10.(応用)ステートフルな VM のクラスタリング
- Windows Server Failover Clustering(WSFC)+Cloud Witness など、OS/DB レイヤの冗長で“単一ゾーン停止時の自動昇格”を設計可能。ネットワーク/レイテンシ要件に注意。(クォーラム監視をデプロイする)
- SQL Server Always On AG を VM 上でゾーン跨ぎに構成する選択肢も。(Azure VM 上の SQL Server の Always On 可用性グループ)
※本記事はリージョン冗長を扱わないが、Site Recovery のゾーン間 DRも選択肢として存在。RPO/RTO 要件に応じて評価を。(可用性ゾーン間の Azure VM 災害復旧を有効にする)
11.実装チェックリスト
- Standard Public IP をゾーン冗長で作成(Basic は不可/廃止)。
- SLB/AppGW はゾーン冗長で。作成後ゾーン属性は変更不可。
- VM/VMSS はzonalで2 ゾーン以上へ分散。zoneBalance の要否を決める。
- NAT Gateway はゾーンスタックで配置(各ゾーンに NAT+同ゾーンの Public IP)。

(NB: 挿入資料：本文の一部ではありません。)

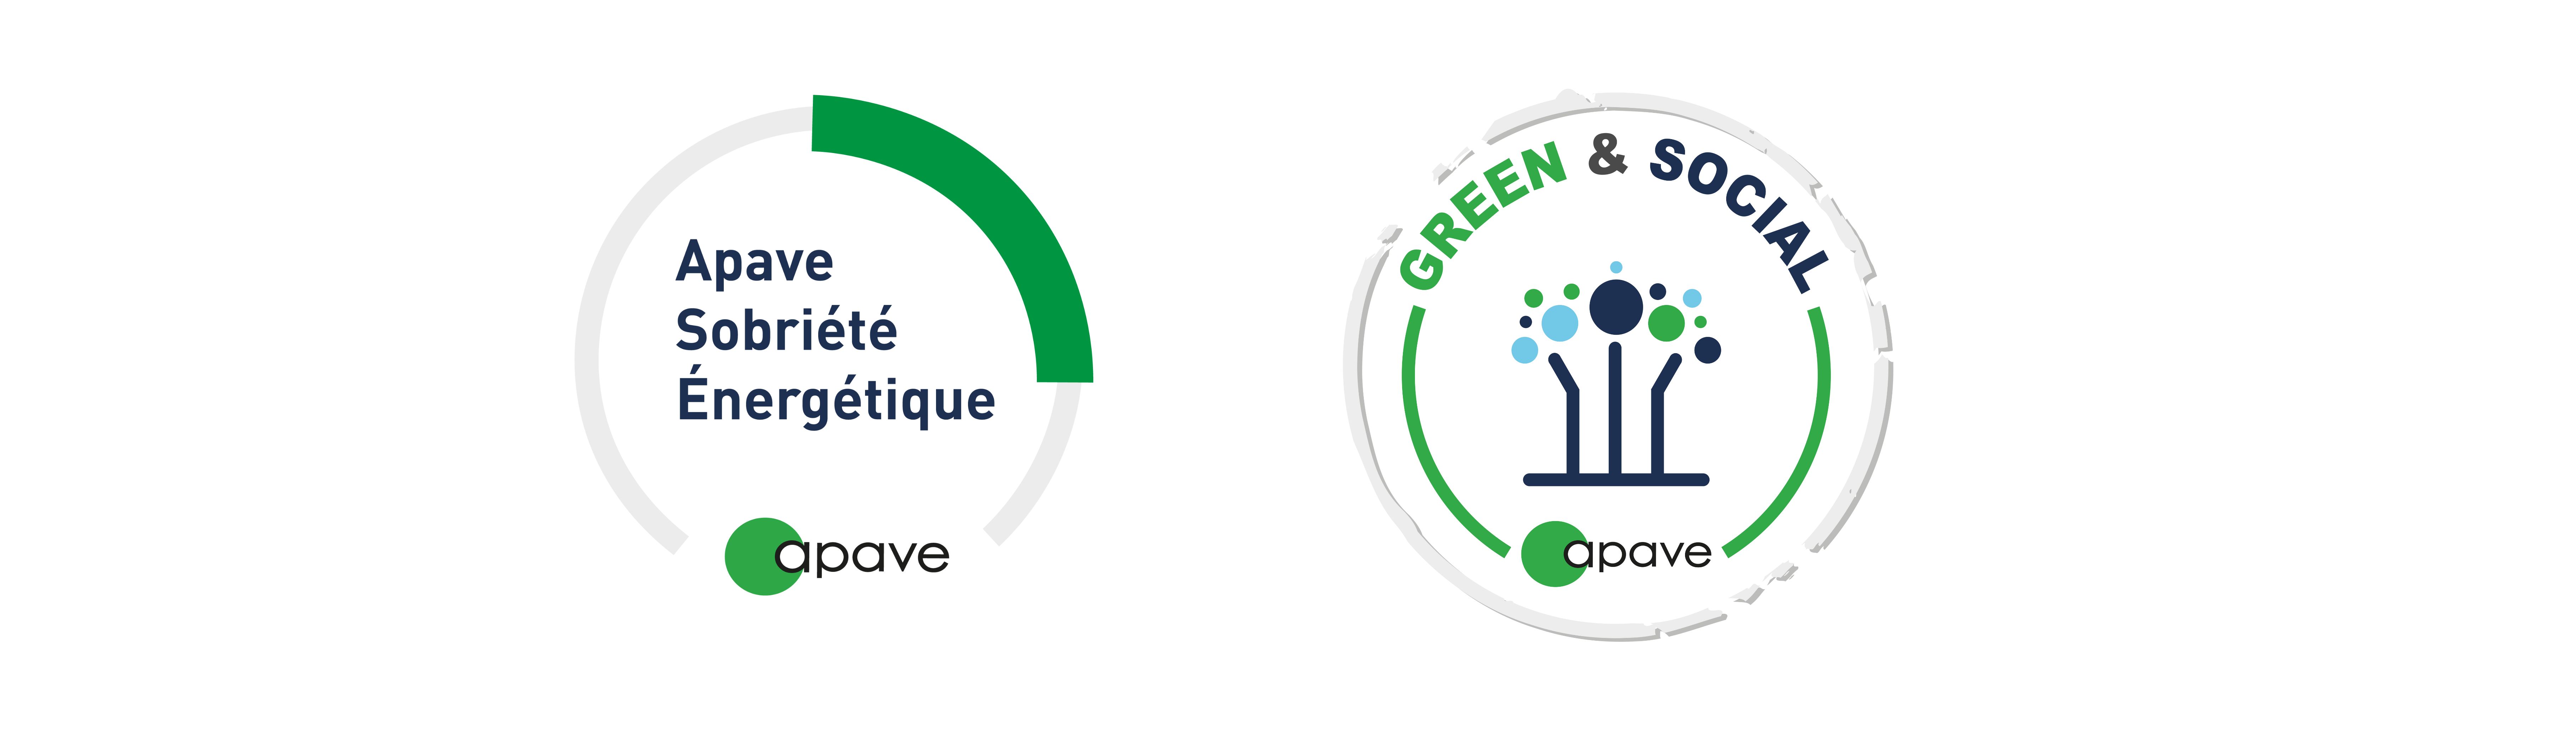 Logos Label Apave Sobriété Energétique et Green and Social
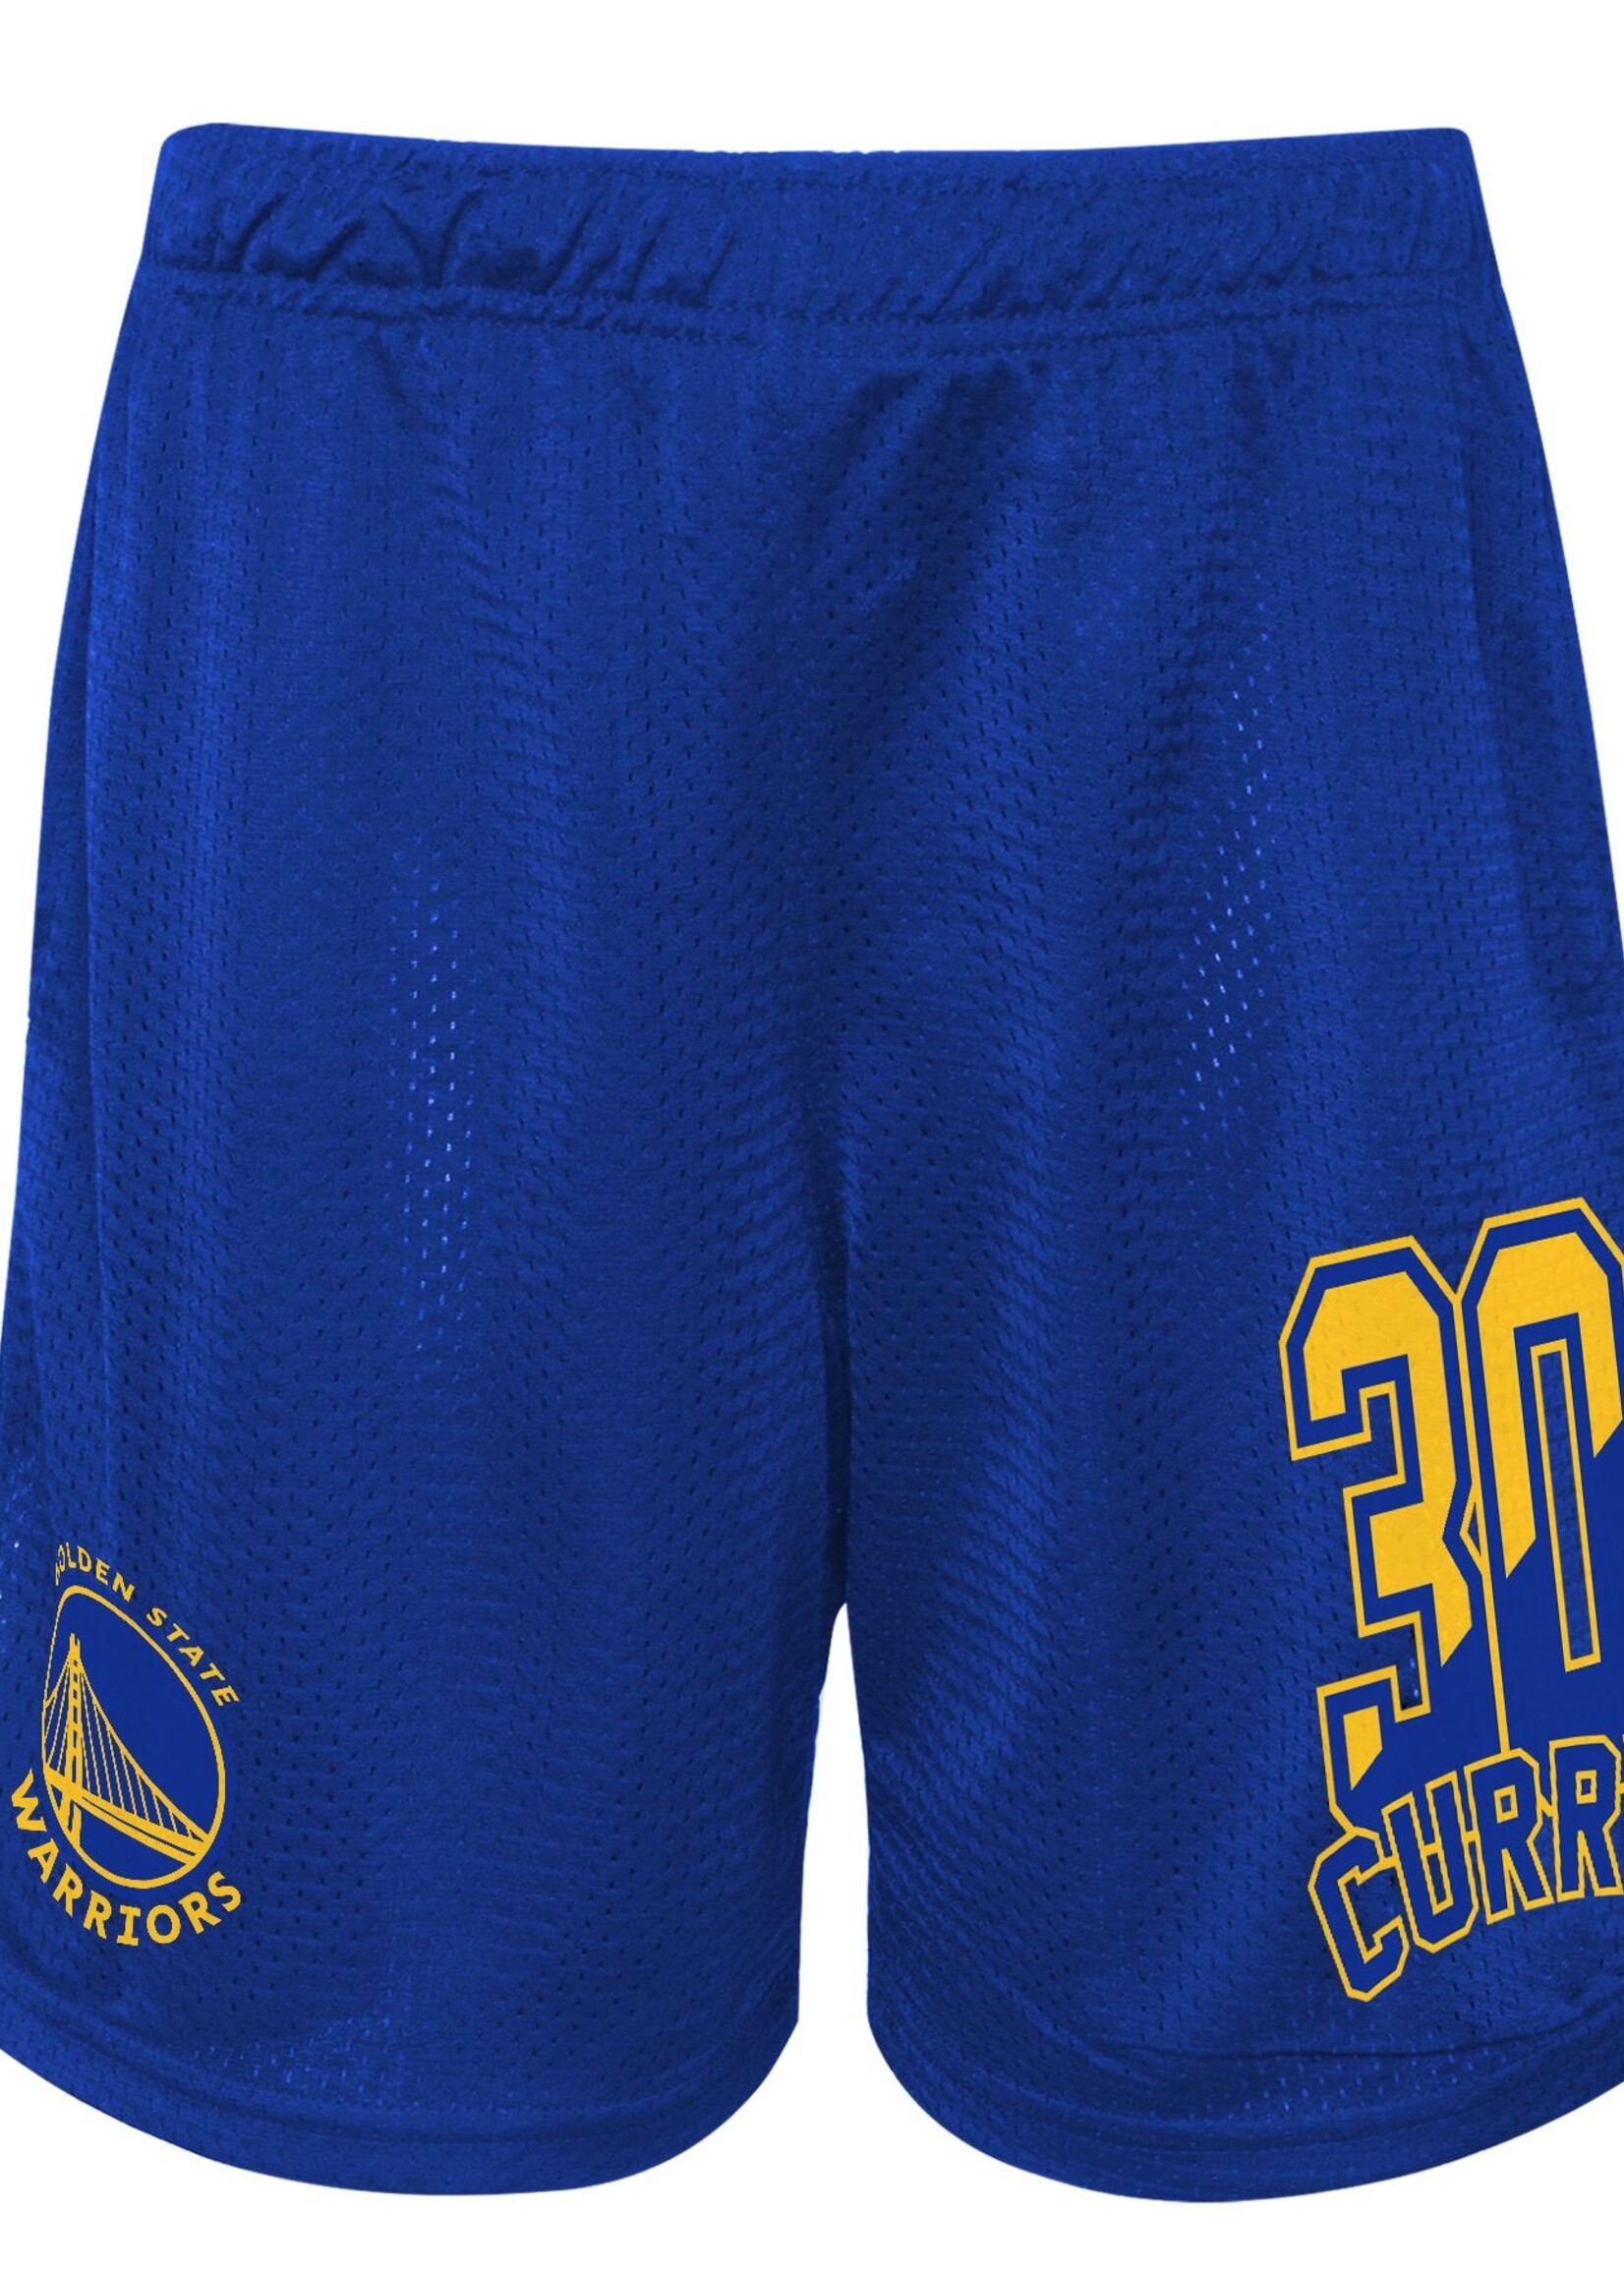 Outerstuff NBA Steph Curry Short Bleu 2.0

- Managed Disk は可能なら ZRS(Premium v2/Ultra は非対応に注意)。
- [ ]
12.コスト/信頼性/運用のトレードオフ
選択 | コスト | 信頼性 | 運用 |
---|---|---|---|
SLB ゾーン冗長 | 低~中 | 高(単一 IP) | シンプル |
AppGW v2 ゾーン冗長 | 中 | 高(L7/WAF) | 機能豊富 |
VMSS Zone-spanning | 低~中 | 最高(99.99% SLA 到達) | 自動化/スケール容易 |
NAT “ゾーンスタック” | 中 | 高(局所化) | 設計一工夫 |
Disk ZRS | 中 | 高(同期 3 ゾーン) | 多少のレイテンシ増 |
13.結論(要点の“ひとことで”)
入口はゾーン冗長、計算はゾーナル分散(VMSS 推奨)、出口はゾーンスタック、データは ZRS を選べる所は選ぶ。
これが、同一リージョン内 AZ 冗長の最短解です。
14.なぜ?(5 Whys で深掘り)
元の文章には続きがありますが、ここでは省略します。